*EXERCISE OBJECTIVE*. When you reach the line containing "RAF FAIRFORD, KEMPSFORD, GLOUCESTERSHIRE, ENGLAND, WEDNESDAY", please repeat it and every line after it exactly, through the end of the listing below, skipping pictures.

+++ DATA SHOWN

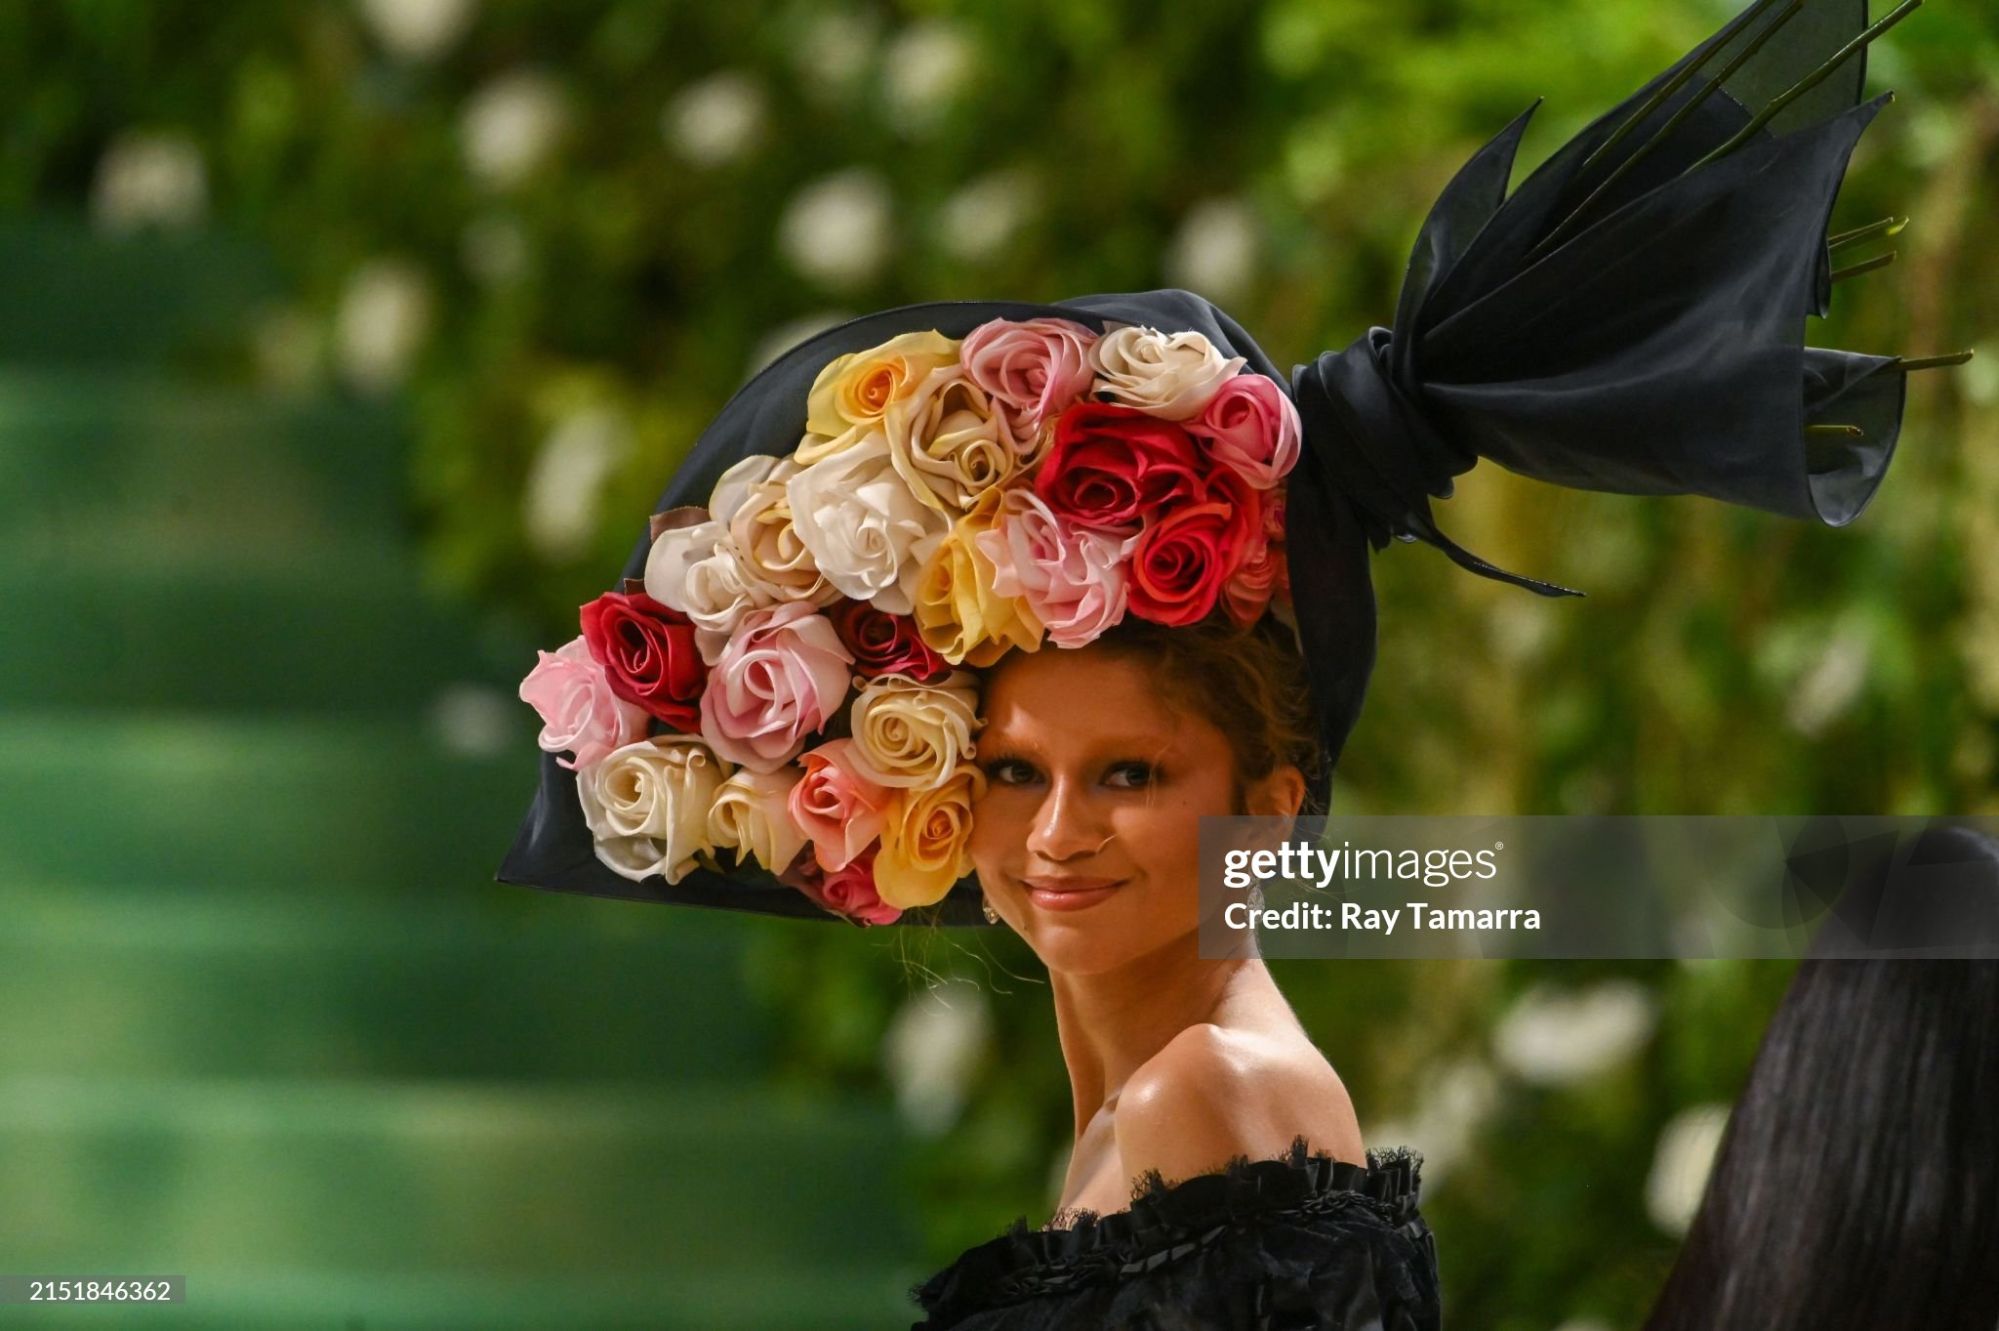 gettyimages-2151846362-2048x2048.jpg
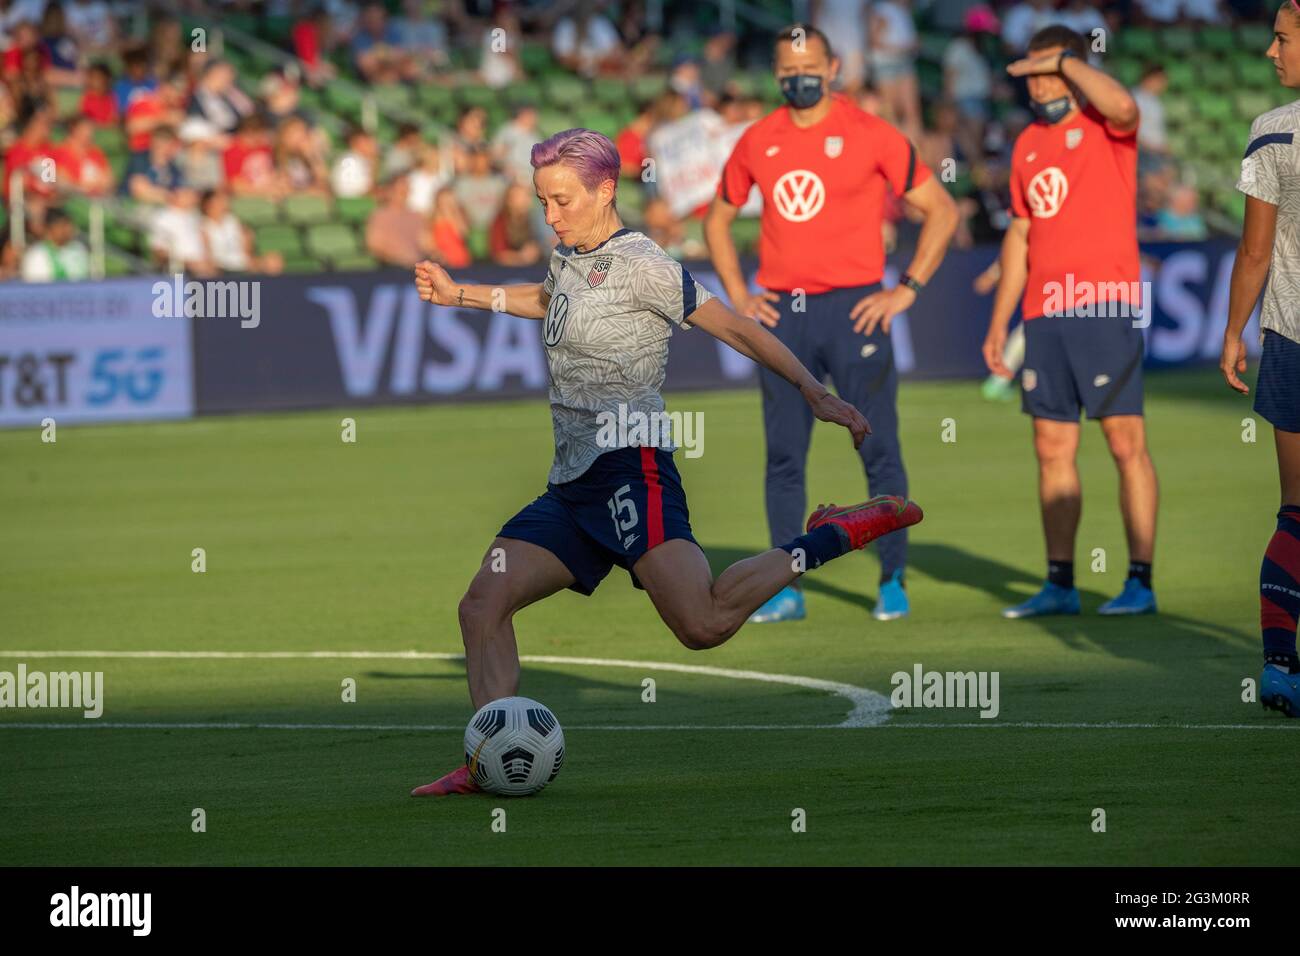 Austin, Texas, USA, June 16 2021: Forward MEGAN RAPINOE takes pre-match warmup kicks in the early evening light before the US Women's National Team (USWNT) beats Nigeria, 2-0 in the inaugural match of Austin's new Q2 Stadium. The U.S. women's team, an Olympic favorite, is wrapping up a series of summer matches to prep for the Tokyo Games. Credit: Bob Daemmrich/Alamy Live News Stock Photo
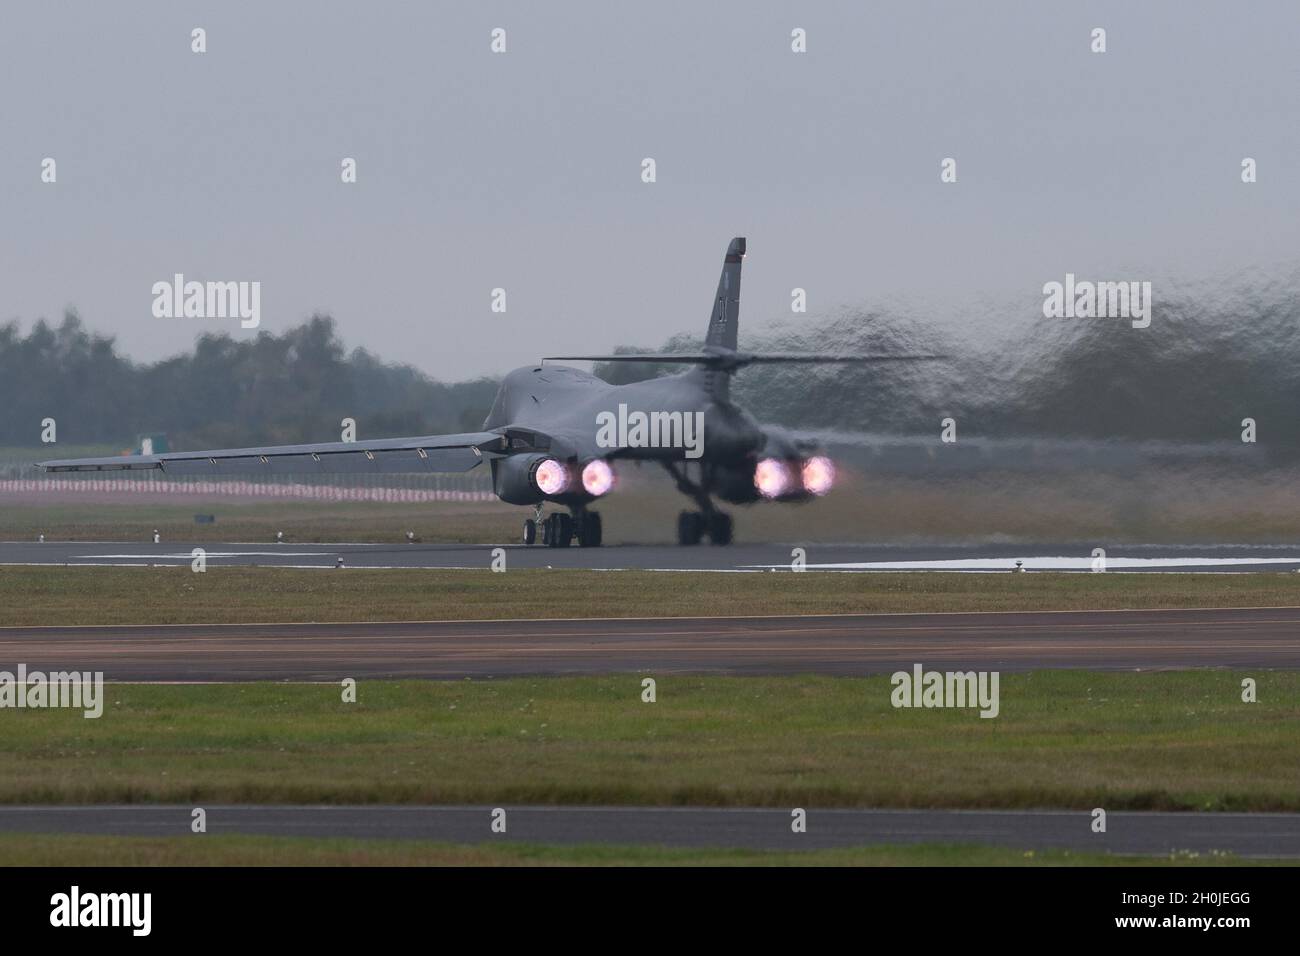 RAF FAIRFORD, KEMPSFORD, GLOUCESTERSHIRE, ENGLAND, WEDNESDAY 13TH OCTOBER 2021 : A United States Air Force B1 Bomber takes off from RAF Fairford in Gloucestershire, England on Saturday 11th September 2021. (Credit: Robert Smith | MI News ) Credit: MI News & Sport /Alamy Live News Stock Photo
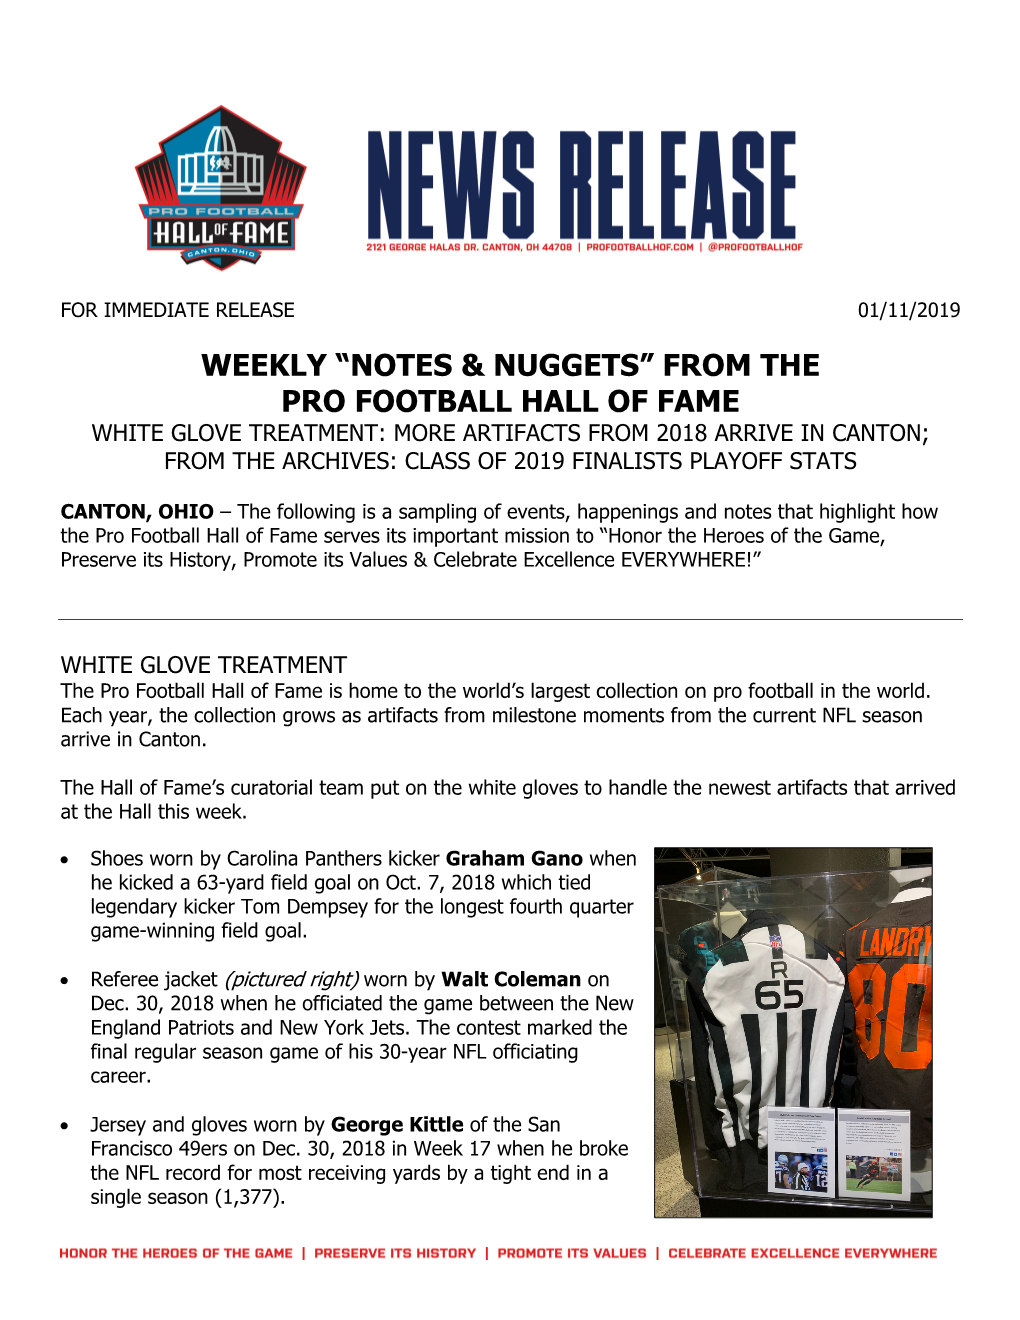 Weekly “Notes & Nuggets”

++++++

*EXERCISE RESULT*.
 RAF FAIRFORD, KEMPSFORD, GLOUCESTERSHIRE, ENGLAND, WEDNESDAY 13TH OCTOBER 2021 : A United States Air Force B1 Bomber takes off from RAF Fairford in Gloucestershire, England on Saturday 11th September 2021. (Credit: Robert Smith | MI News ) Credit: MI News & Sport /Alamy Live News Stock Photo
 Weekly “Notes & Nuggets”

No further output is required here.